Monday, Jul. 31, 1972

Stampede to Moscow

PRESIDENT Nixon's summit trip to Moscow in May could well be remembered by American businessmen as a visit of Perryesque proportions. It has already helped net a record $750 million sale of U.S. grains to the Soviets, and Yankee traders of practically every political persuasion are calculating how they might profit from the "opening up" of that great, unexplored Soviet market. Last week two capitalist corporations scored important, and potentially spectacular gains in U.S.-Soviet exchange. In the process, one of them set off the first old-fashioned Wall Street stock sizzle ever caused by a deal with the Communists.

Behind the uproar was a man who thoroughly enjoys the attendant headlines, Dr. Armand Hammer, 74, chairman of Los Angeles' Occidental Petroleum Corp. A nonpracticing physician who made a fortune swapping U.S. wheat for Russian furs, caviar and art treasures in the post-Revolutionary famine of the '20s--and never lets anybody forget that he became an acquaintance of Lenin's--Hammer has kept up his ties with the Soviet hierarchy over the years. "From time to time the Russians have invited me to come over to talk about a trade agreement," Hammer told TIME New York Bureau Chief Marsh Clark. "When President Nixon went over and effected a rapprochement, I felt the time was ripe to go."

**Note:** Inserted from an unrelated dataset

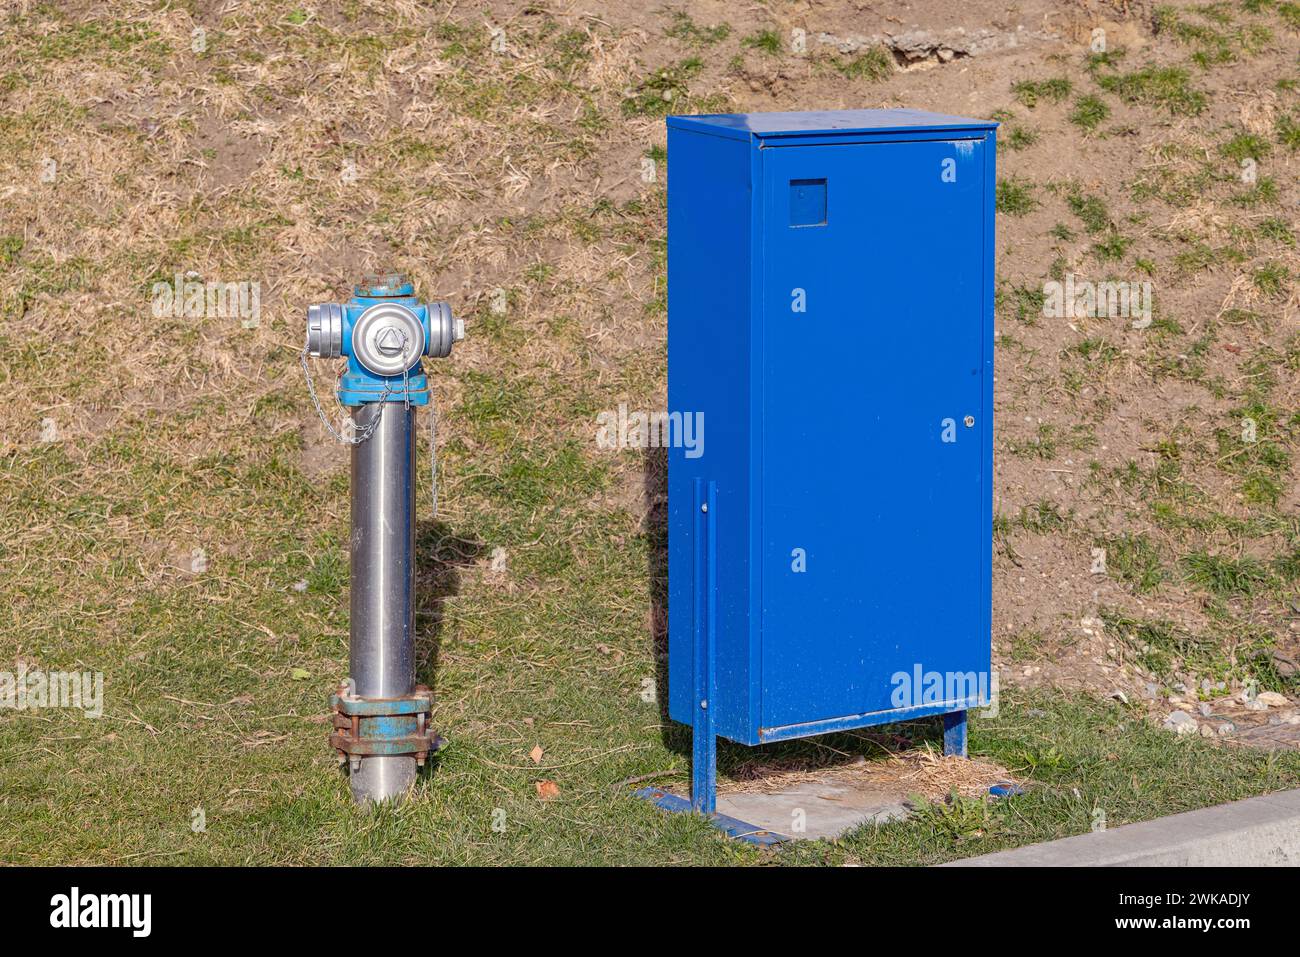 Firefighters Equipment Blue Box and Water Hydrant Pipe Stock Photo

Hammer and a nine-man team that included Holiday Inn Chief Kemmons Wilson, who is talking about opening a 400-room inn in Moscow, spent four days negotiating with officials of half a dozen Soviet ministries. The outcome was what both parties labeled a five-year "agreement on scientific and technical cooperation." It calls for exploring the possibilities of joint ventures in the Soviet Union involving oil and gas production, the manufacture of agricultural fertilizers, metalworking and hotel construction. With effusive thanks to what he described as his simpatichny Soviet hosts, the Russian-speaking Hammer elatedly flew to London --where he also picked up a drawing by Leonardo da Vinci for his vast art collection--to announce his coup.

Technically, the Occidental deal thus far involves only the exchange of expertise--management advice, patents and the like--but it could lead to a large trade of American machines, materials and capital for abundant Soviet oil, gas and nonferrous metals. Occidental, which took a financial clobbering when new and lower export quotas were slapped on its oil concessions in Libya, may have some trouble raising the capital needed to build the kinds of projects that U.S. concerns are especially interested in, notably a pipeline from the Western Siberia gas fields to an Arctic port. But other firms are by no means excluded from future negotiations; Gulf, Tenneco and others have also been dickering with the Soviets. Nonetheless, Hammer played his agreement for all it was worth.

U.S. investors must have thought that the figure came from Brezhnev himself. In three days of frenzied trading, Occidental's stock shot up from 11 7/8 to 18 1/4. Then the puff turned into poof. Arriving in Moscow for major trade talks, Commerce Secretary Peter G. Peterson said of the Occidental agreement: "It is premature to call it a commercial deal." Occidental's stock promptly dropped to 15 1/2 and closed the week at 15 1/4. Even so, President Nixon, who favors joint ventures between U.S. and Soviet enterprises, summoned Hammer upon his return for a private 45-minute debriefing in the White House.

Normalization. The second mark of progress in U.S.-Soviet trade was made by Pullman Inc., which reported that it had become the first American industrial company to get permission to open an office in Moscow.* The Chicago-based company will be entitled to hire Soviet staff members and keep three U.S. employees in Moscow. Pullman has sold designs for five ammonia plants to the Soviets, and last December its Swindell-Dressier division won a $10 million contract to design the foundry of the huge new Kama River truck plant in the Tatar Republic. Says President Samuel B. Casey: "We expect to do a lot more business here."

So do other U.S. businessmen. Many will probably have to wait for a further normalization of trade relations between the two superpowers, including congressional action to lower tariffs on Russian goods by granting most-favored-nation status to the Soviets, before their prospective deals can be clinched. Yet the stampede of American salesmen to Moscow after Nixon's visit, and their uniformly cordial reception there, is a convincing testament to the farsightedness of those in both nations who have said for years that such trade could be mutually profitable.

*Besides news-gathering agencies, the only other U.S. concerns with Moscow branches are Pan American World Airways and American Express.